Eppure, contro ogni logica, tutto ciò esiste
davvero.
Oggi, ore 14 e 45, con
la poca lucidità che mi è ancora rimasta, ho la certezza, ragionevolezza, di
affermare che gli incubi a volte diventano realtà.
Mi chiamo
Alyson Shohan, ho 21
anni e studio alla Yale University del New Haven, nel Connecticut. La mia aspirazione principale è
quella di diventare una biologa, e, successivamente,
entrar a far parte del colosso nazionale di ricerca e sviluppo gestito dall’Umbrella Corporation. Almeno…

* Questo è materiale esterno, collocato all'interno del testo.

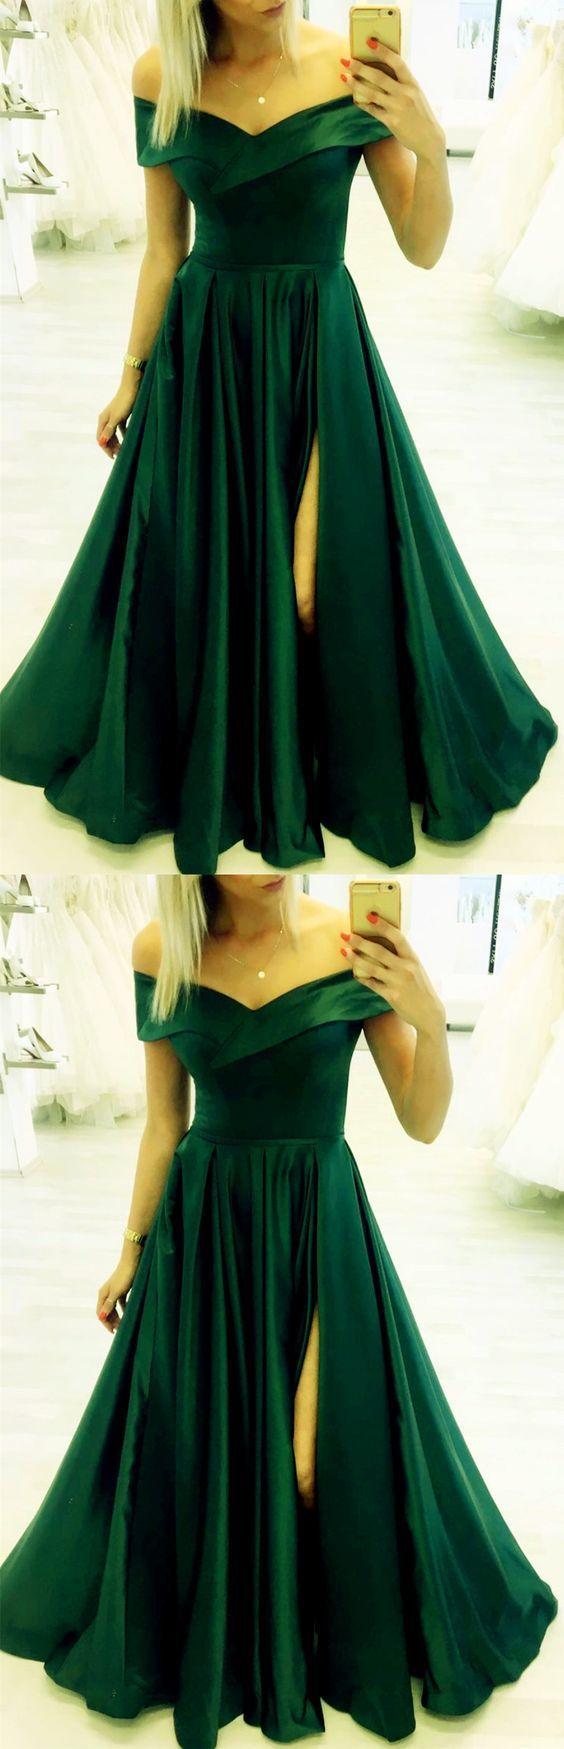 Gorgeous Satin Dresses With Off Shoulder And Leg Split Design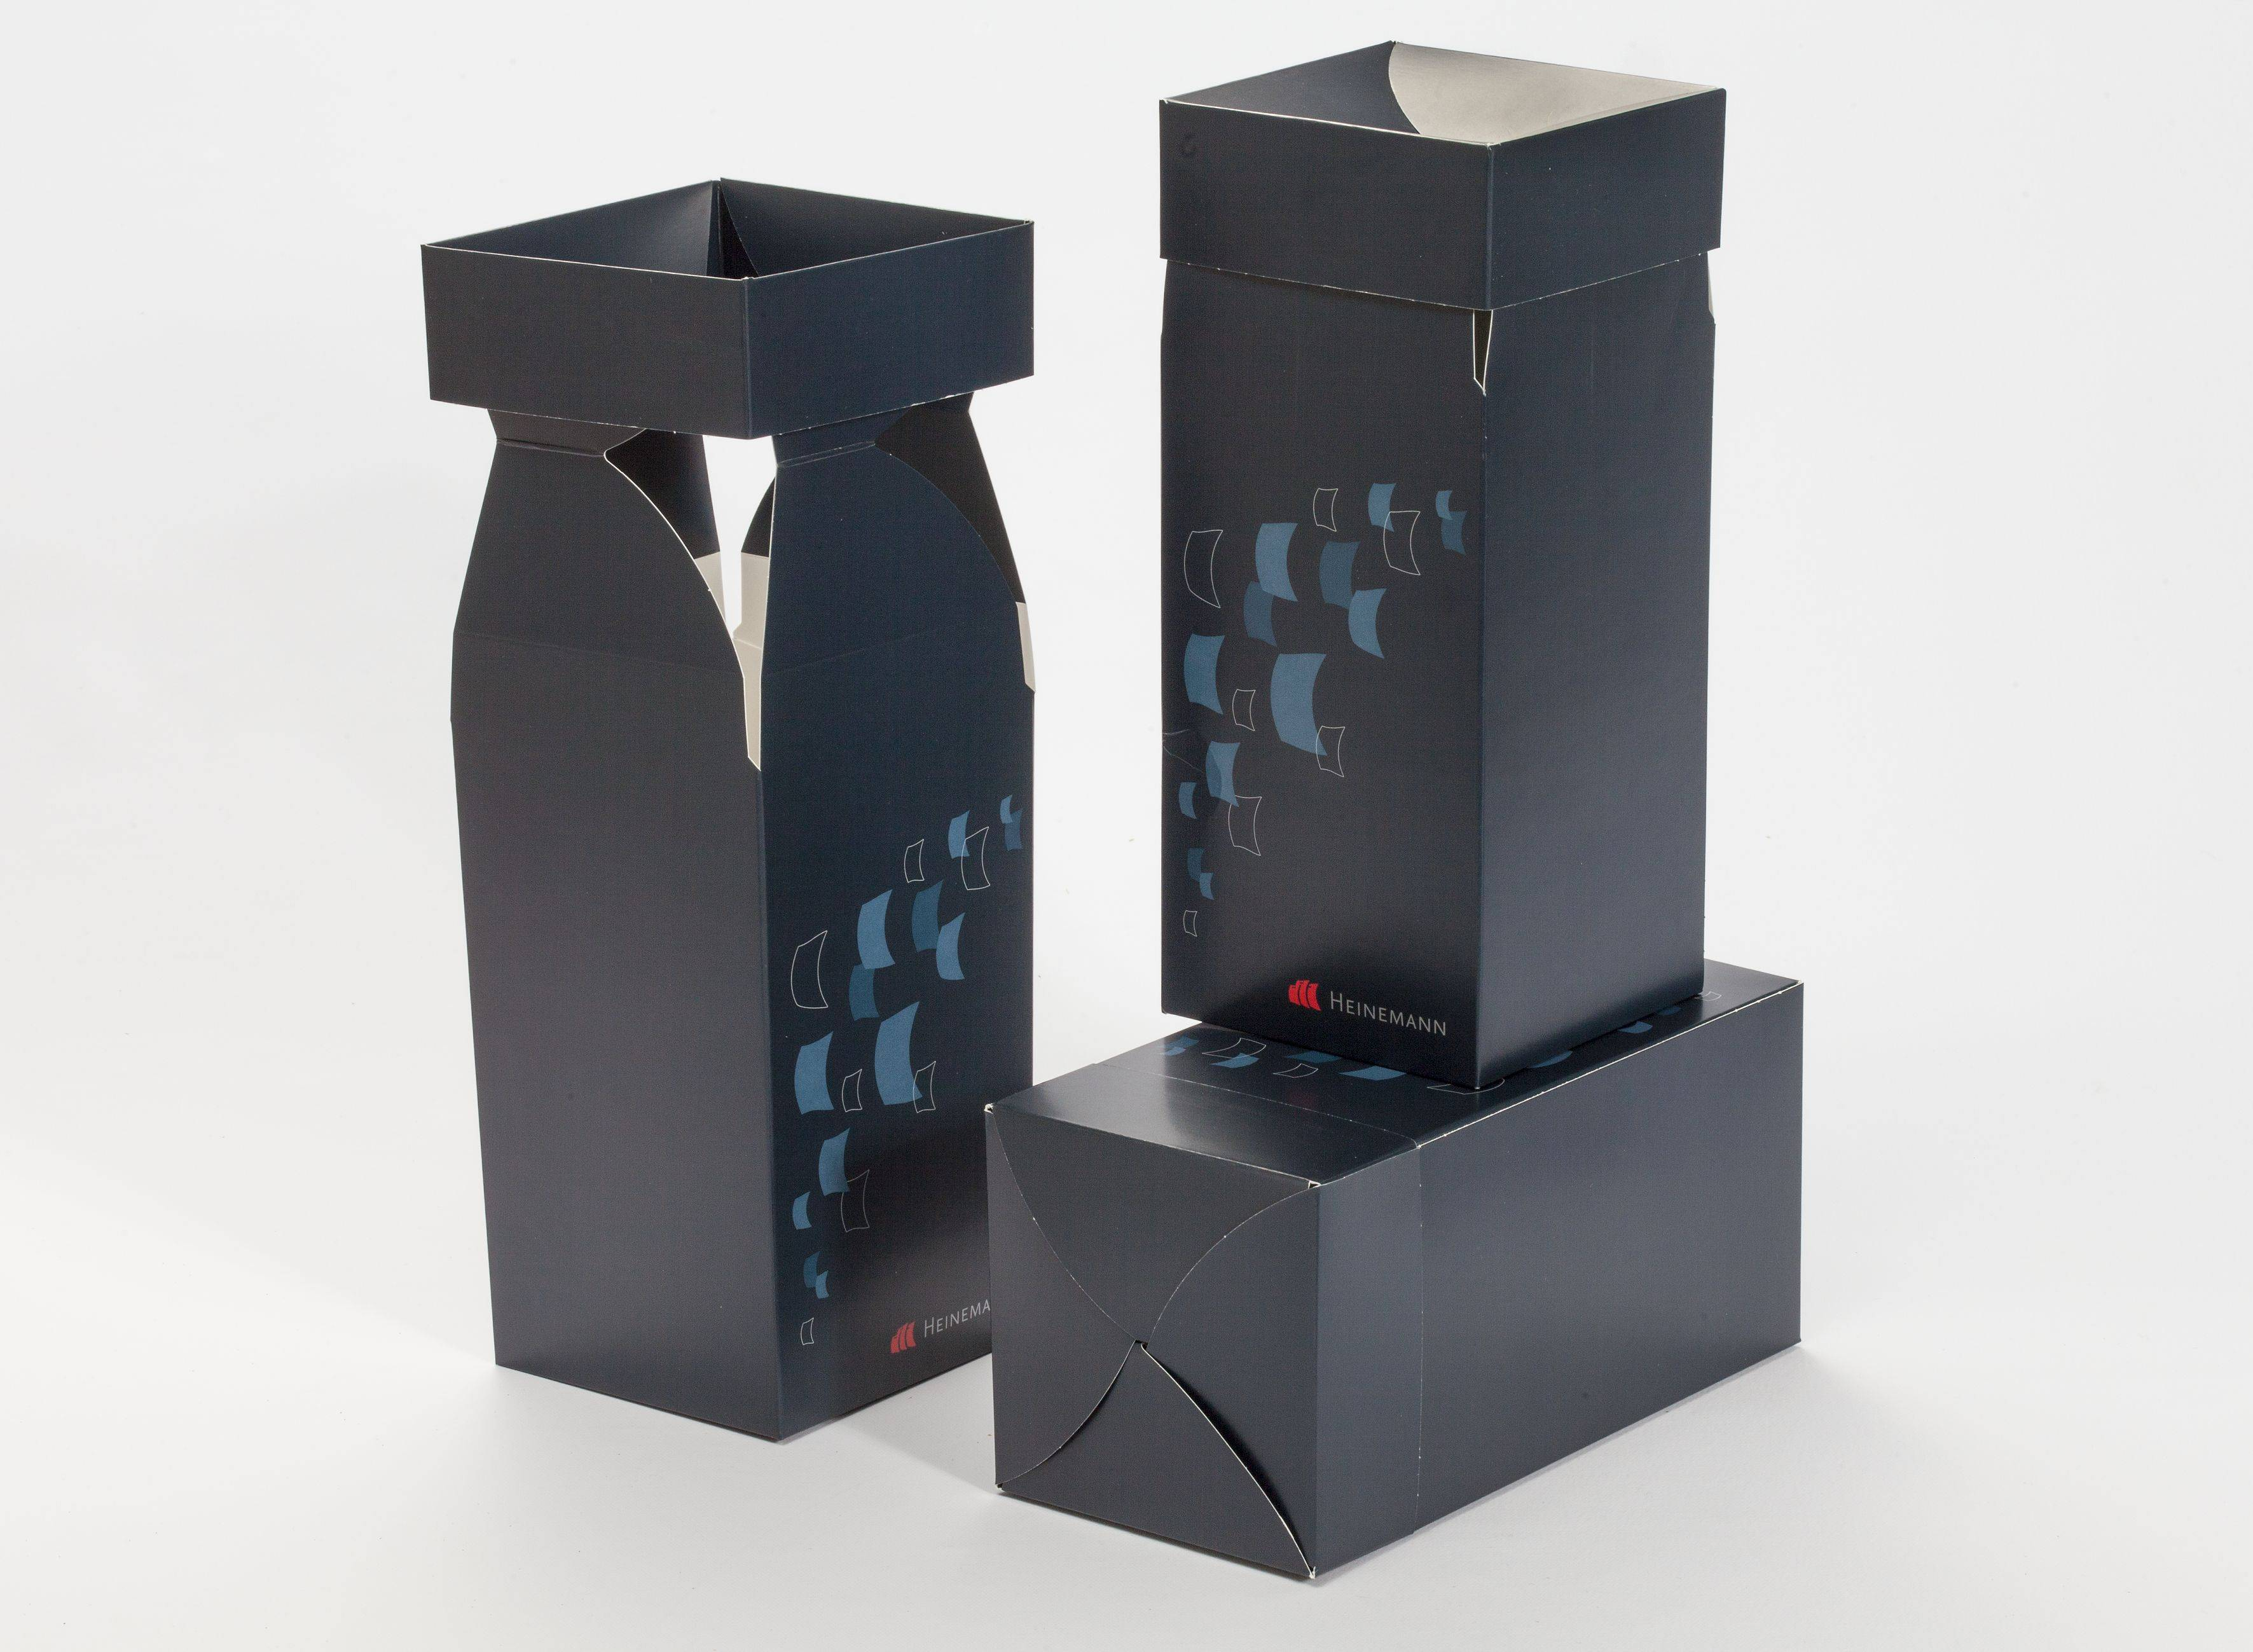 carton-award-image 17037

fino a poco tempo fa’ pensavo fosse questo il mio
futuro.
Da piccola ho sempre
apprezzato e ammirato con occhi estasiati l’imponente struttura soprannominata
“Alveare” per la sua forma che in parte ricorda appunto una grossa arnia.
Mio padre, Michael Shohan, lavorava nel
vasto laboratorio sotterraneo dell’Umbrella, creato
sotto le fondamenta di Raccoon City. Lo stesso
stabilimento dove ora, in questo preciso momento, mi ritrovo a scrivere questa lettera.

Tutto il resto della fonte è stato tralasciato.